Harvesting Water In India

March 22, 2019

The United Nations has designated March 22nd as World Water Day.  This blog is based on a case studies from the 2016 and 2017 Global Agricultural Productivity Reports.

Eighty-percent of agriculture relies is rainfed, which creates significant challenges for farmers are around the world who are struggling to adjust to climate change and shifting weather patterns. For these farmers, harvesting water is as important as harvesting their crop. They need tools and techniques to more efficiently capture, store and manage water to remain productive during dry seasons and to mitigate the impacts of climate change.

In rural India, consistent access to water is a critical issue. Two thirds of agriculture in India is rainfed, but the seasonal monsoons alternate with long, dry periods, making it difficult for communities to maintain an adequate groundwater supply.

The Mosaic Villages Project, a partnership between The Mosaic Company and the S M Sehgal Foundation, funded the construction of check dams in Santhawadi, Pathkhori, Nangal Hasanpur and Khohar. A check dam is a barrier across a drainage ditch or small waterway that counteracts erosion by reducing water flow velocity.

The check dams capture and store rainwater, which is then funneled into the underground aquifer, recharging groundwater levels and reducing salinity so that water can be used for consumption or irrigation. The check dams sponsored by The Mosaic Village Project have directly and indirectly benefited more than 52,000 people, and have a total reservoir capacity of more than 14 million gallons.

The Mosaic Villages Project in India funded the construction of several “check dams” which capture and store monsoon rainwater, recharging groundwater levels and ensuring a sufficient water supply for household and agricultural use year-round. Photo: The Mosaic Company

A Comprehensive Approach

In addition to the check dams, Mosaic and the Seghal Foundation collaborate on the Krishi Jyoti Project, a comprehensive approach to improving agricultural productivity, livelihoods and communities is some of the remotes villages in India.  Krishi Jyoti (or “enlightened agriculture”) has directly benefited more than 26,000 farmers from 60 villages and boosted cultivation across nearly 16,000 acres of land.

The project helps farmers improve the productivity of three crops: pearl millet, wheat and mustard.  It focuses on five key aspects of agricultural production: soil health, seed and fertilizer, water management, agronomic training and market linkages.

Krishi Jyoti has directly benefited more than 26,000 Indian farmers. Average income per acre has increased 4,480 Rs ($70 US) for wheat and 5,760 Rs ($90 US) for mustard. Photo: The Mosaic Company

Village leaders selected farmers representing all castes and landholding sizes to participate in the program.

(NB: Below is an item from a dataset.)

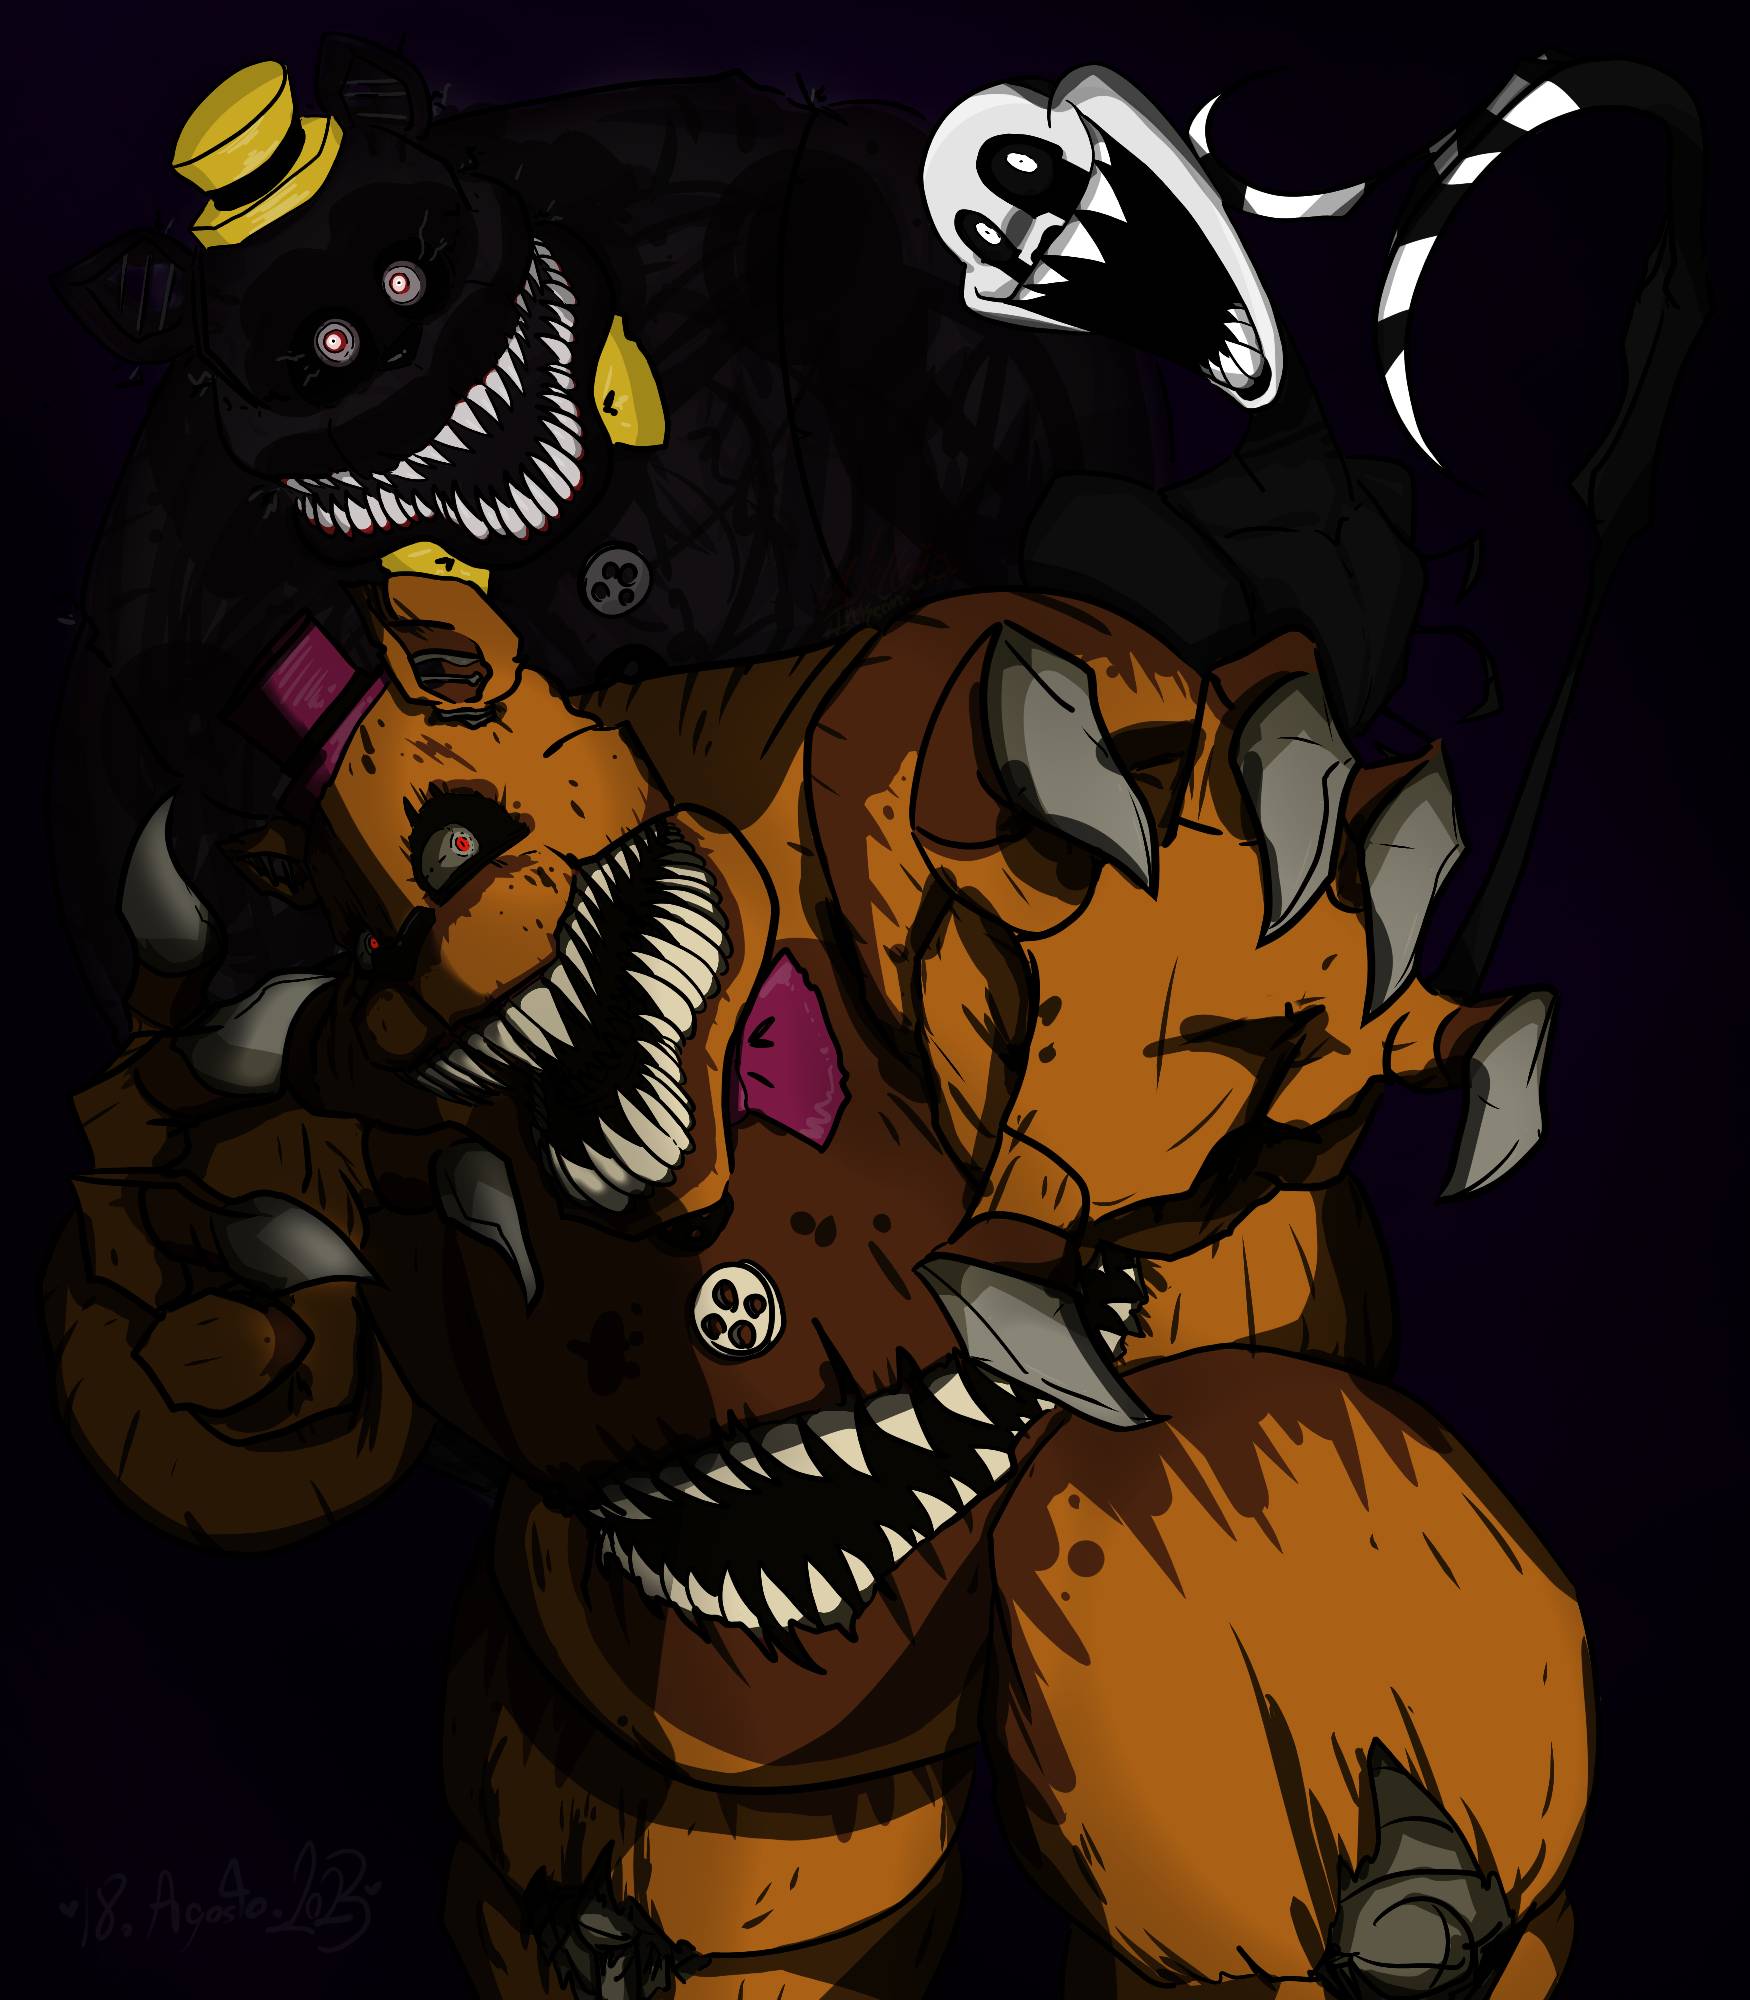 Nightmare Foxy and Nightmare Fredbear Cosplay by brnnightmare on DeviantArt

With balanced crop nutrition practices — using the right mix of macro- and micro-nutrients to meet the needs of the crops and soils — together with agronomic expertise and financial support, farmers increased yields by as much as 35 percent over traditional farming practices.

Average income per acre has also grown between 4,480 Rs ($70 US) for wheat to 5,760 Rs ($90 US) for mustard.

Communities participating in the Krishi Jyoti Project are using the additional income to help create a better life for future generations. The S M Sehgal Foundation and Mosaic funded renovations for 20 schools in Alwar, Mewat and Sonipat — including adding sanitation facilities, safe drinking water systems and school kitchens.